SOURCE MATERIAL:
----
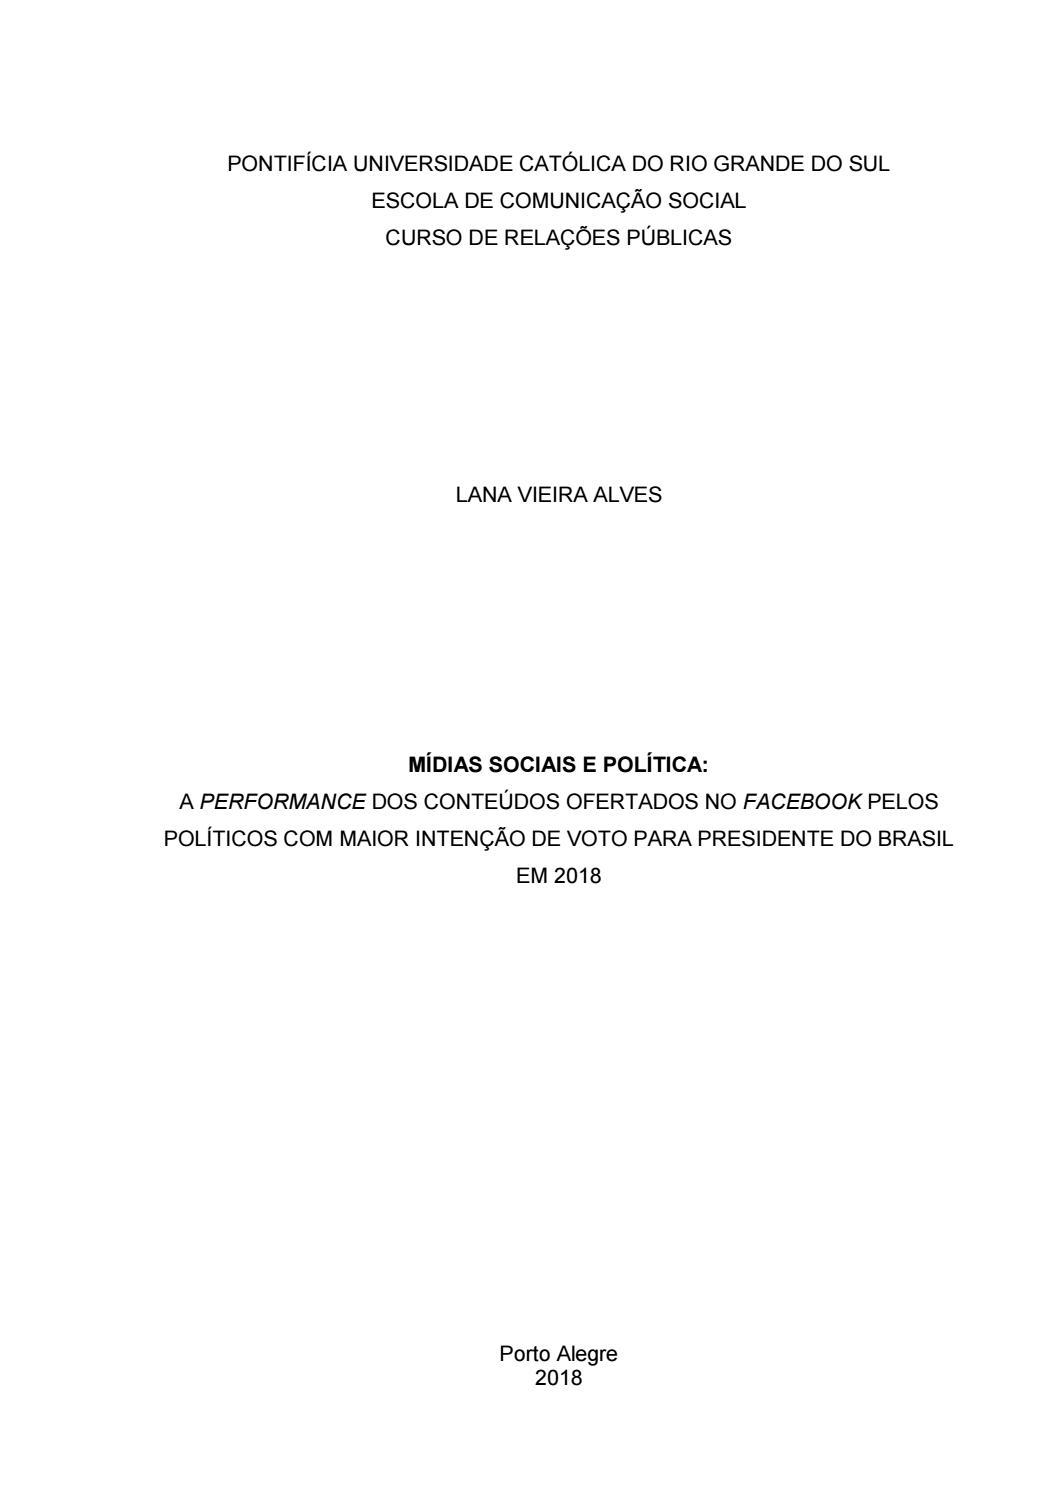 Mídias Sociais E Política By Lanavieiraalves Issuu
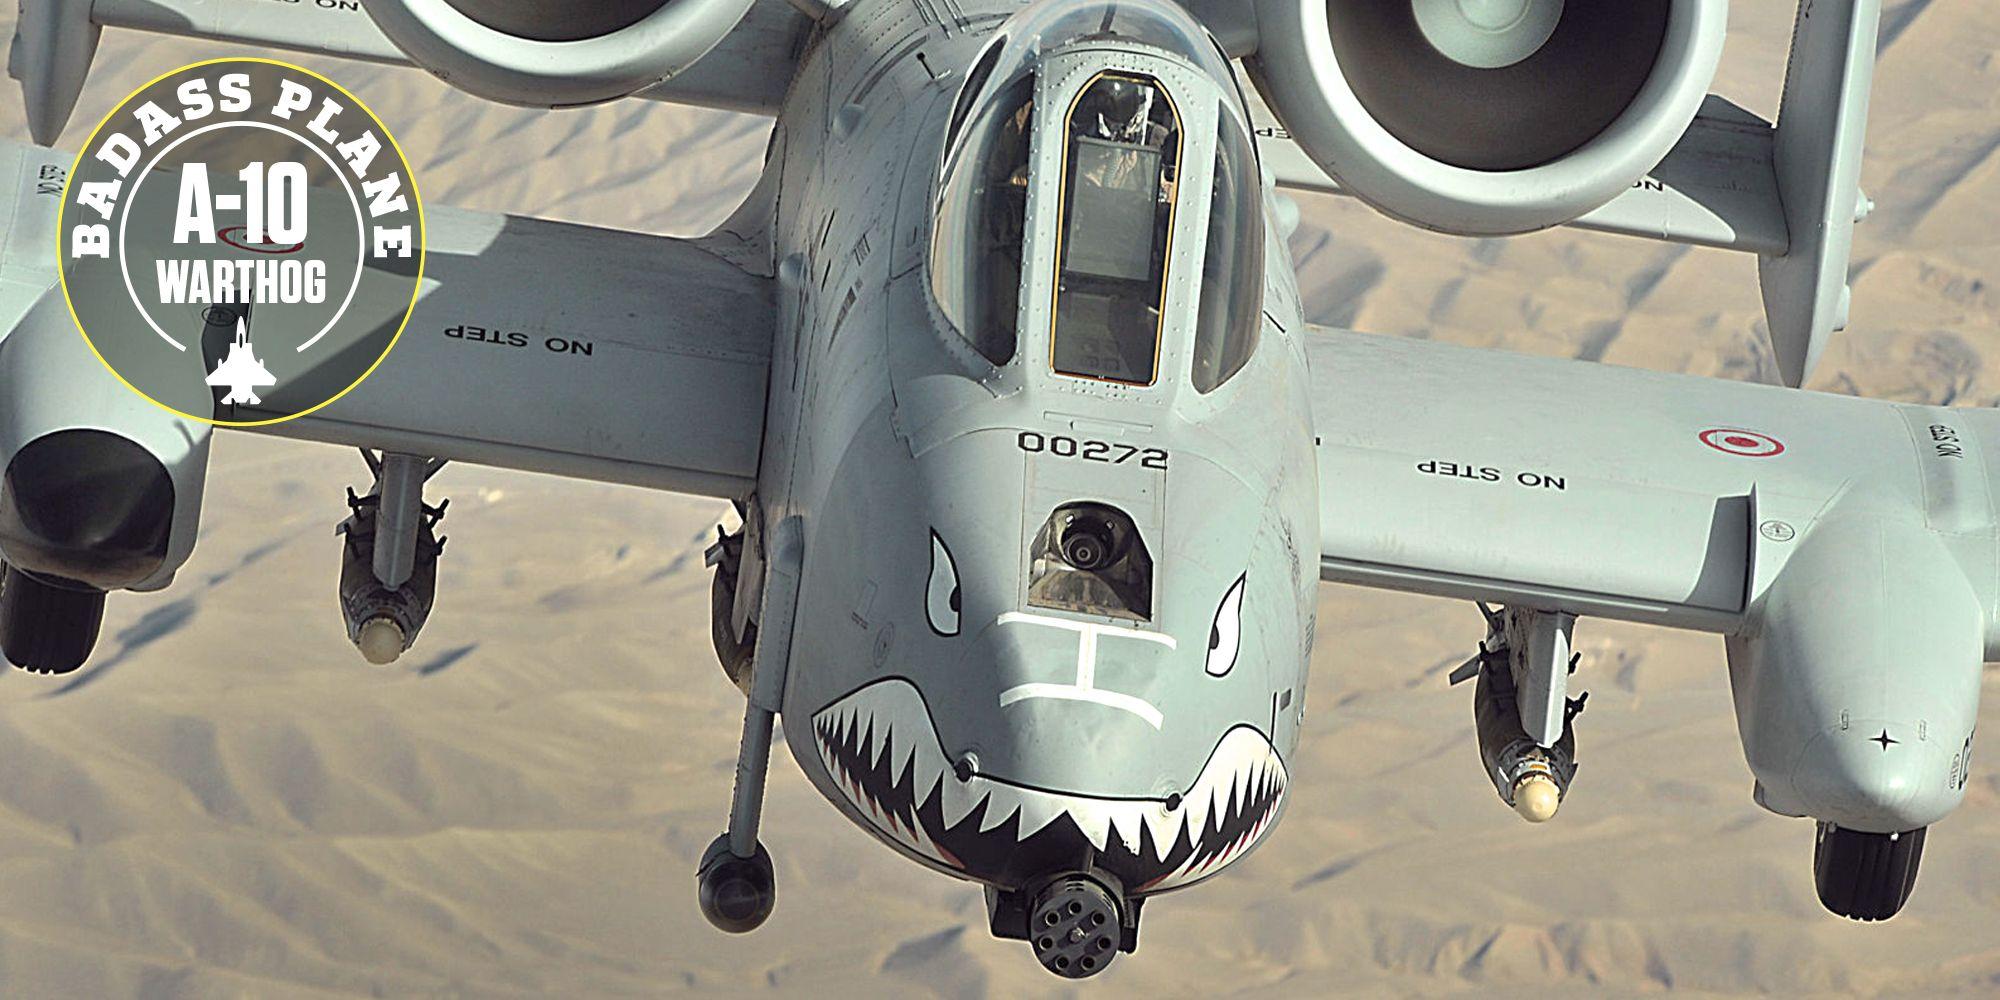 Why The A 10 Warthog Is Such Badass Plane Aircraft Hydraulic System Intelligent Diagrams Like
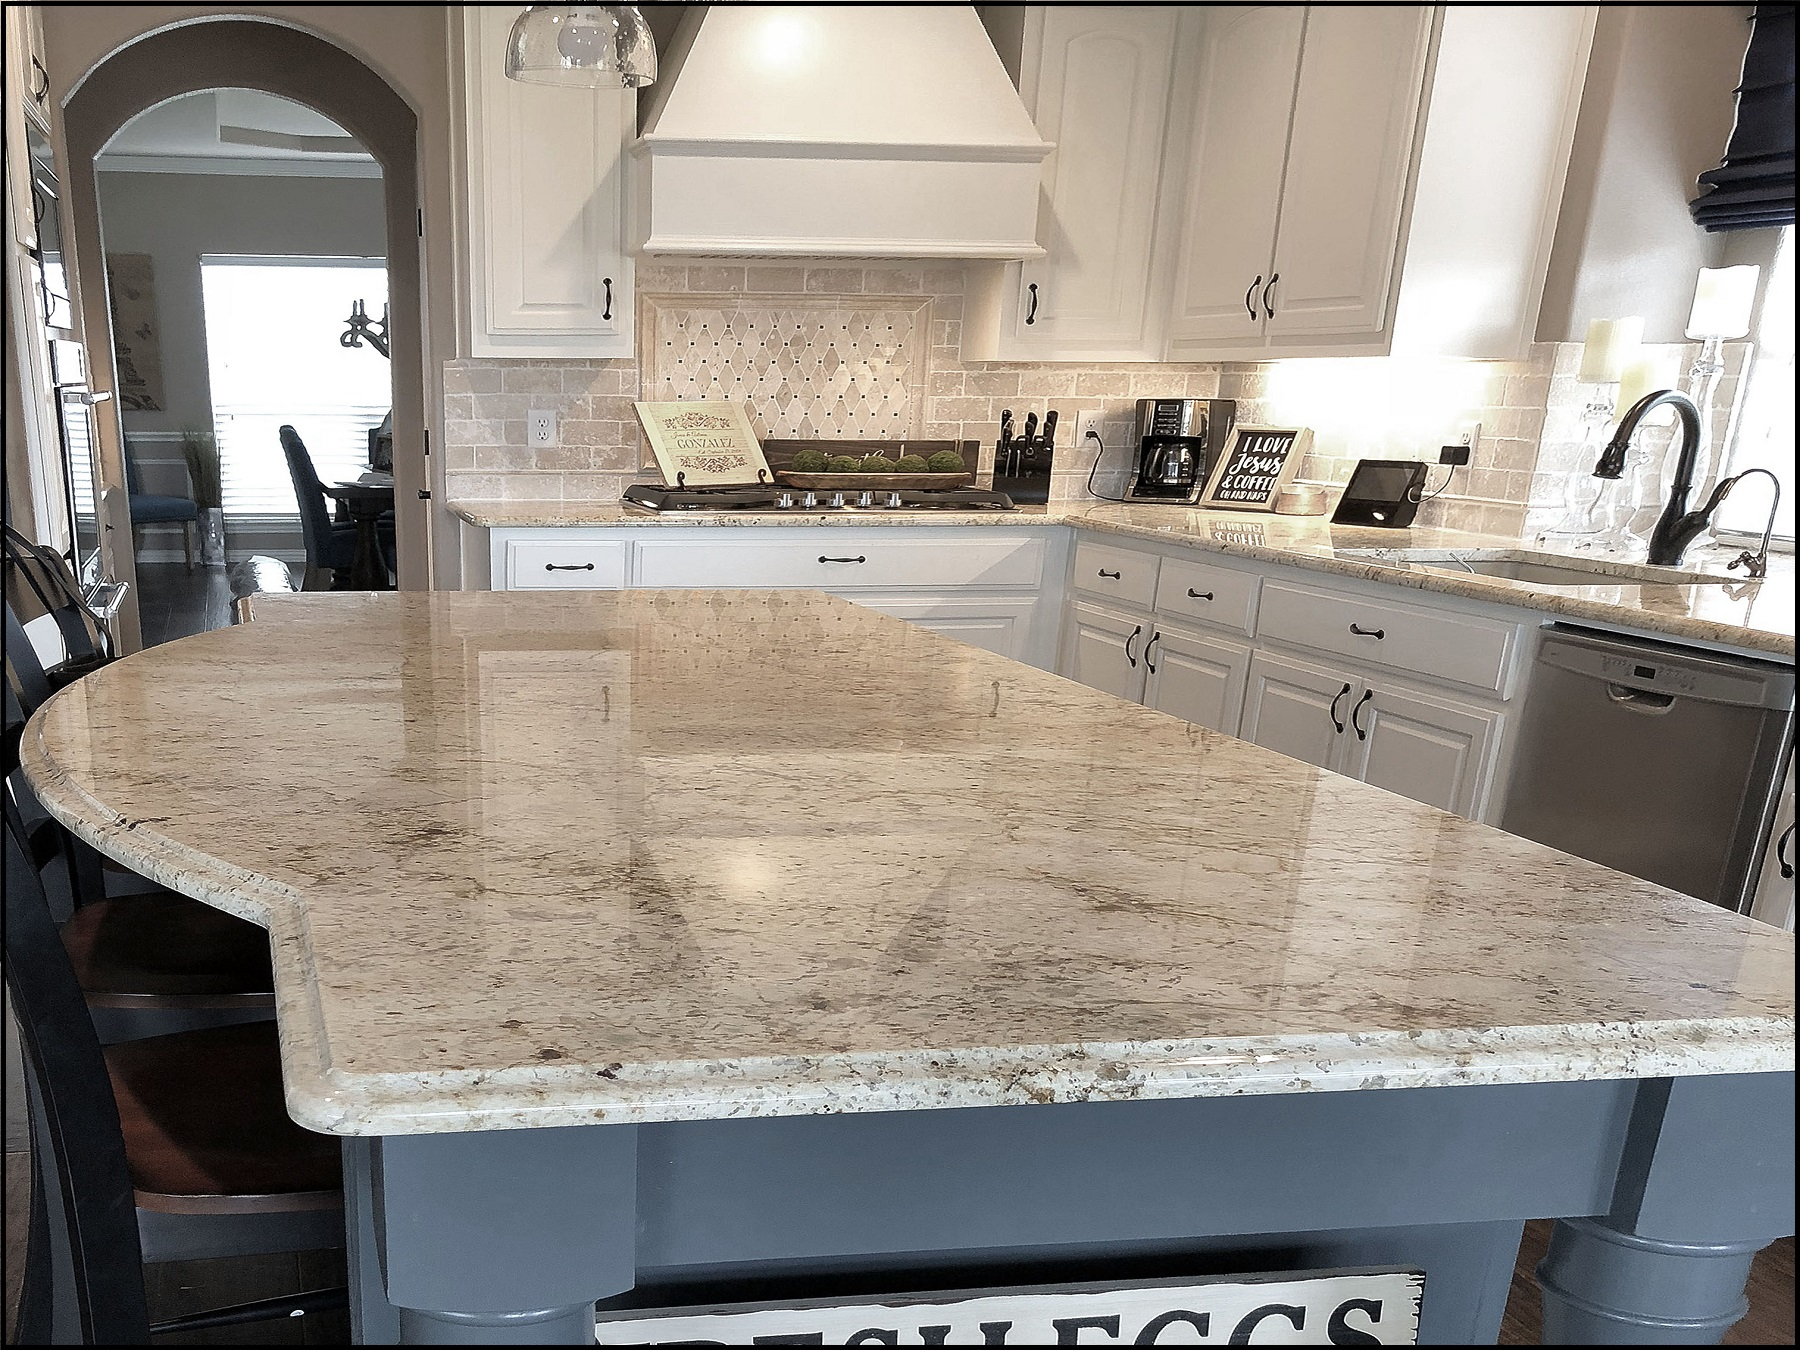 Granite Countertops Granite Quartz Quartzite Countertops Dallas Fort Worth Texas Tx By Dfw Granite Kitchens Baths Fabrication Installation
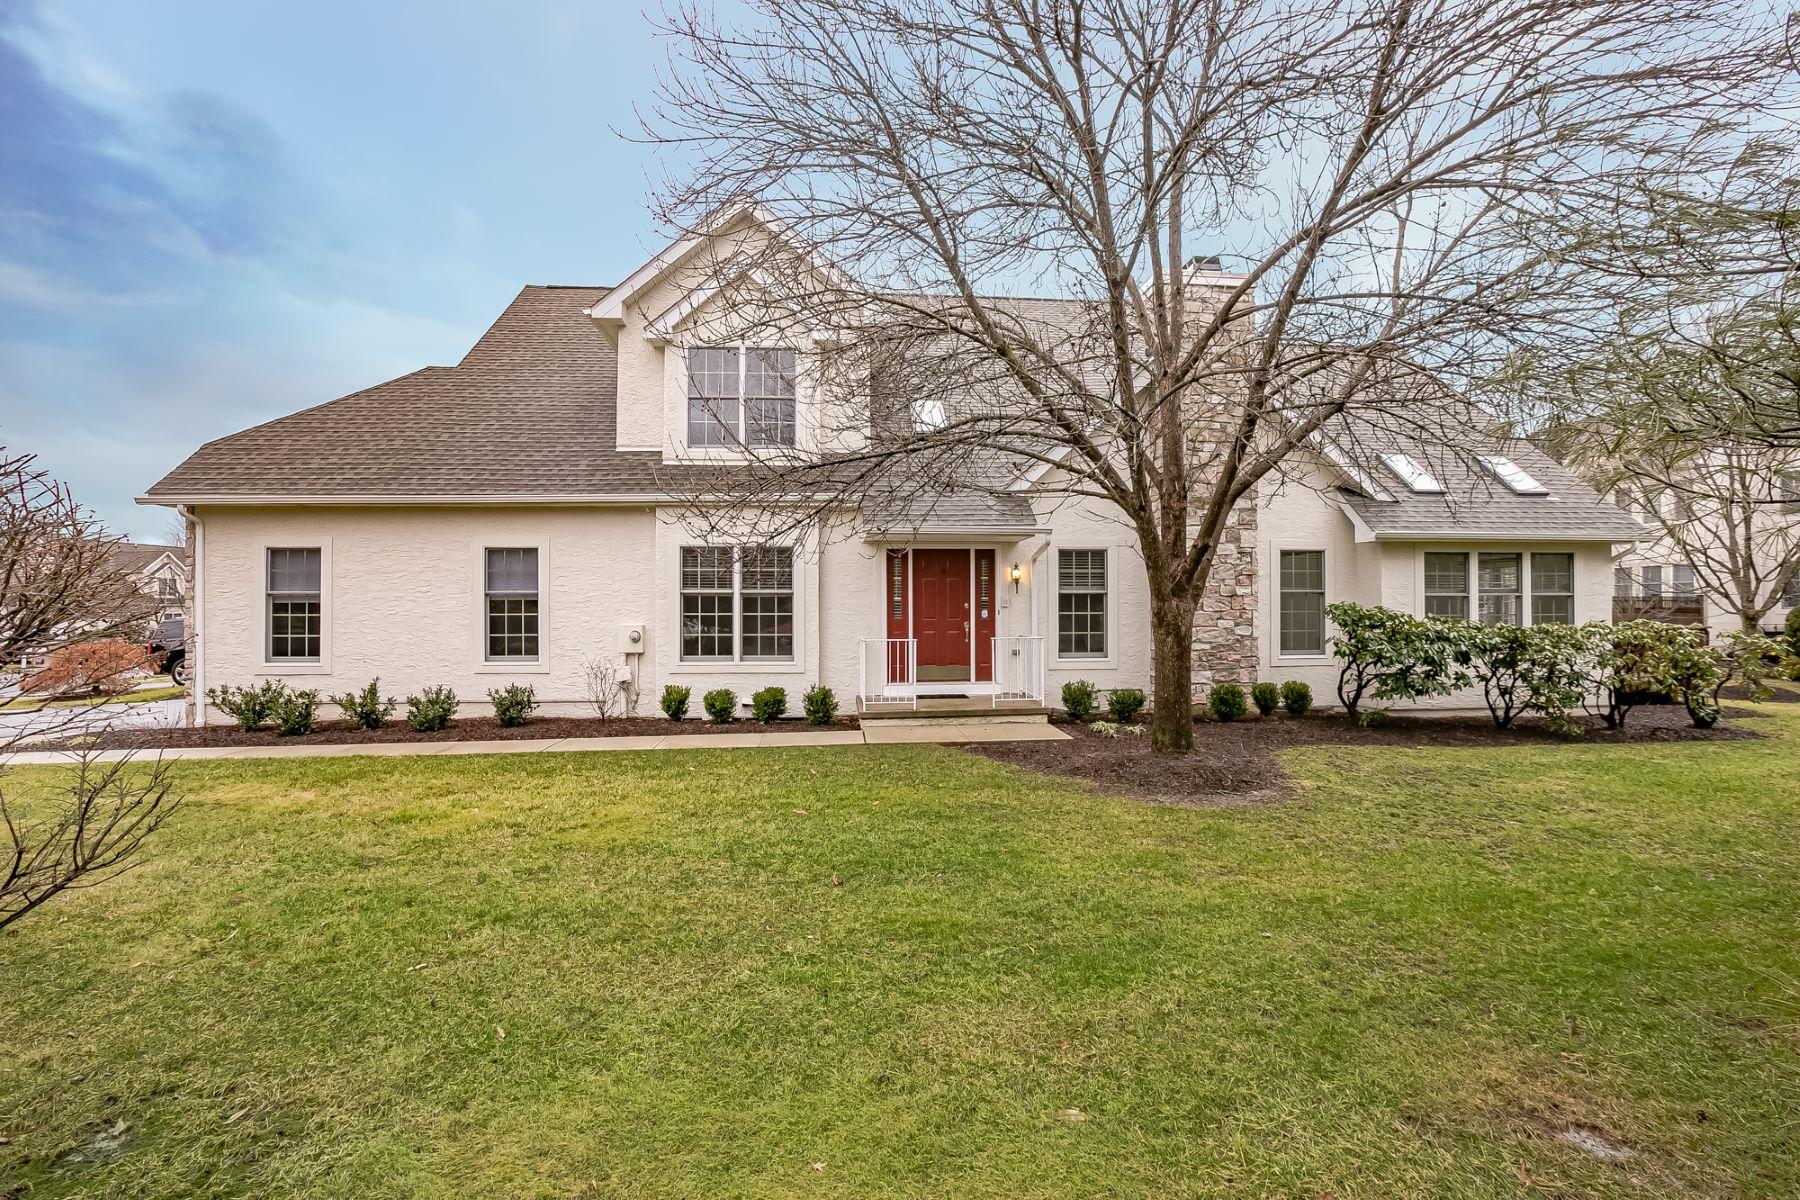 townhouses для того Продажа на Turn-key Townhouse 1 Richmond Drive, Basking Ridge, Нью-Джерси 07920 Соединенные Штаты
----
WORK ORDER: When copying the listing above, begin at its first line and stop after the line with "Granite Countertops Granite", keeping each line exact and dropping the pictures.

FINISHED EXERCISE:
 Mídias Sociais E Política By Lanavieiraalves Issuu
 Why The A 10 Warthog Is Such Badass Plane Aircraft Hydraulic System Intelligent Diagrams Like
 Granite Countertops Granite Quartz Quartzite Countertops Dallas Fort Worth Texas Tx By Dfw Granite Kitchens Baths Fabrication Installation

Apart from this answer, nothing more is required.